Question

The new Fore and Aft Marina is to be located on the Ohio River near Madison, Indiana. Assume that Fore and Aft decides to build a docking facility where one boat at a time can stop for gas and servicing. Assume that arrivals follow a Poisson probability distribution, with an arrival rate of 5 boats per hour, and that service times follow an exponential probability distribution, with a service rate of 9 boats per hour. The manager of the Fore and Aft Marina wants to investigate the possibility of enlarging the docking facility so that two boats can stop for gas and servicing simultaneously.
Assume that the arrival rate is 5 boats per hour and that the service rate for each server is 9 boats per hour. What is the probability that the boat dock will be idle? If required, round your answer to two decimal places.

P0 =

What is the average number of boats that will be waiting for service? If required, round your answer to four decimal places

.Lq =

What is the average time a boat will spend waiting for service? If required, round your answer to four decimal places.

Wq =

What is the average time a boat will spend at the dock? If required, round your answer to four decimal places.

W =

If you were the manager of Fore and Aft Marina, would you be satisfied with the service level your system will be providing? why?

Answer 1

Answer:

a.  P0 = 0.5686

b Lq  = 0.0467

c. Wq 0.0093 hours

d. W= 0.1205 hours.

e. Yes

Explanation:

This is a case of a multiple-server queuing Model.

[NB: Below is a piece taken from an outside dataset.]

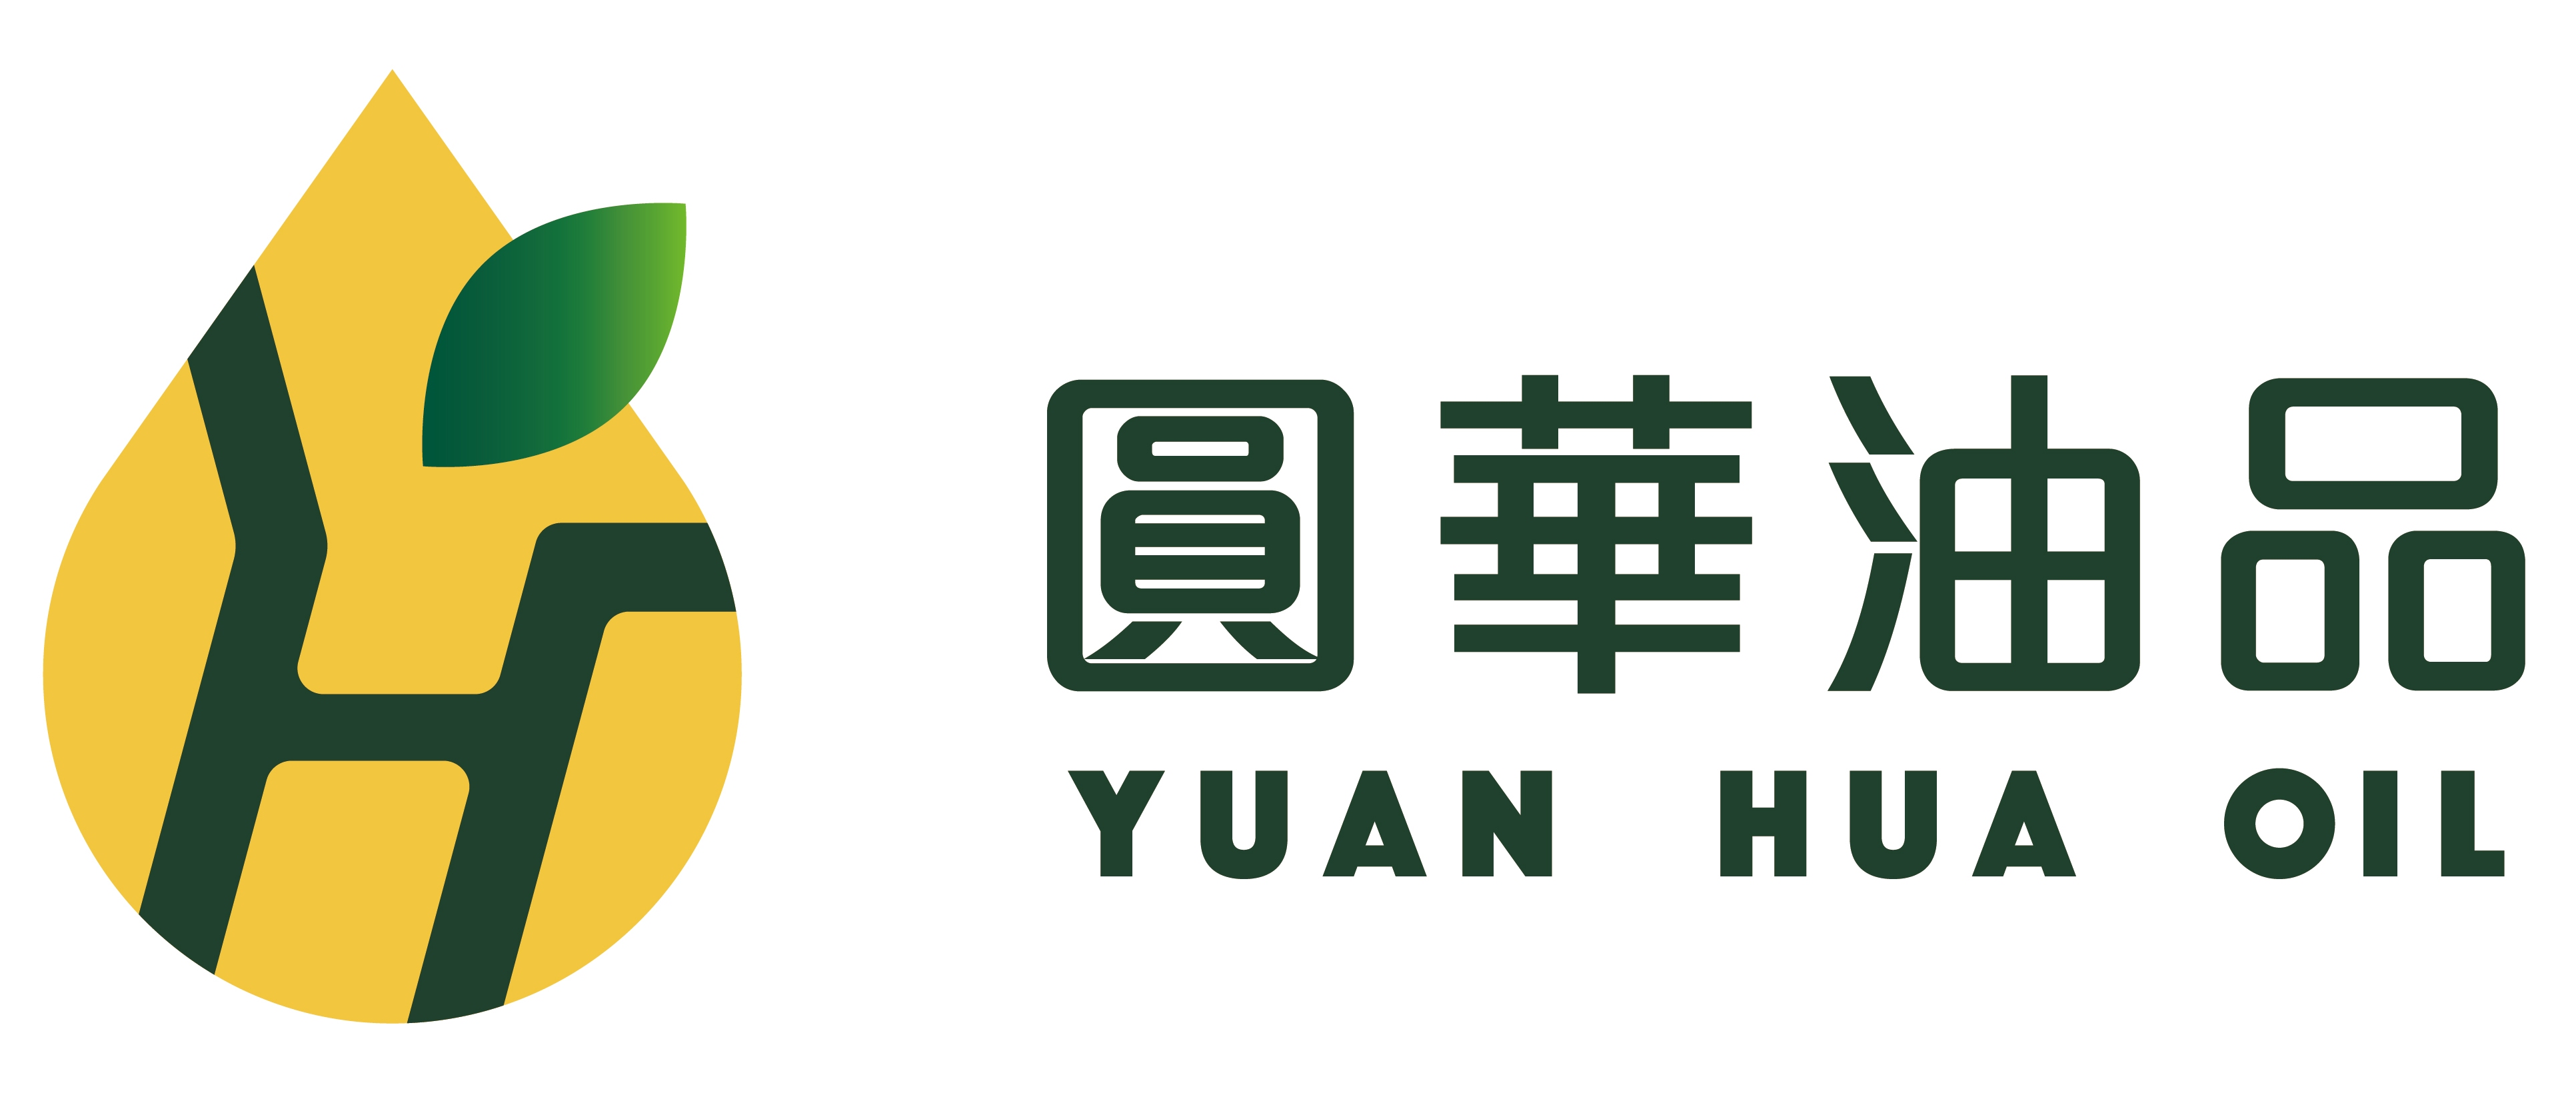 YUAN-HUA OIL ENTERPRISE COMPANY

The average arrival rate, λ = 5 per hour .

The average service rate, µ = 9 per hour .

The number of servers (k) = 2 .

The ratio λ/µ = 5/9 = 0.556. The nearest value from the table (attached as image) is 0.55.

a.  P0 = 0.5686

b. Lq can be obtained using the formula below.

Lq = λ.μ((λ/μ))^s)P0 /((s-1)!(s.μ) - λ)^2)

Lq = 5*9*((5/9)^2)*0.5686/((2-1)!*(2*9 - 5)^2) = 0.0467

c. Wq can be obtained using the formula below

   Wq = Lq / λ = 0.0467/5 = 0.0093 hours

d. The average time a boat will spend at the dock, W

    W= Wq + 1/µ = 0.0093 + 1/9 = 0.1205 hours.

e. The average service time is 6 minutes (60/10), and the average waiting time is also 6 minutes. Since the average time, a boat will spend waiting is just 6 minutes, which is acceptable. Hence, the level of service is satisfactory.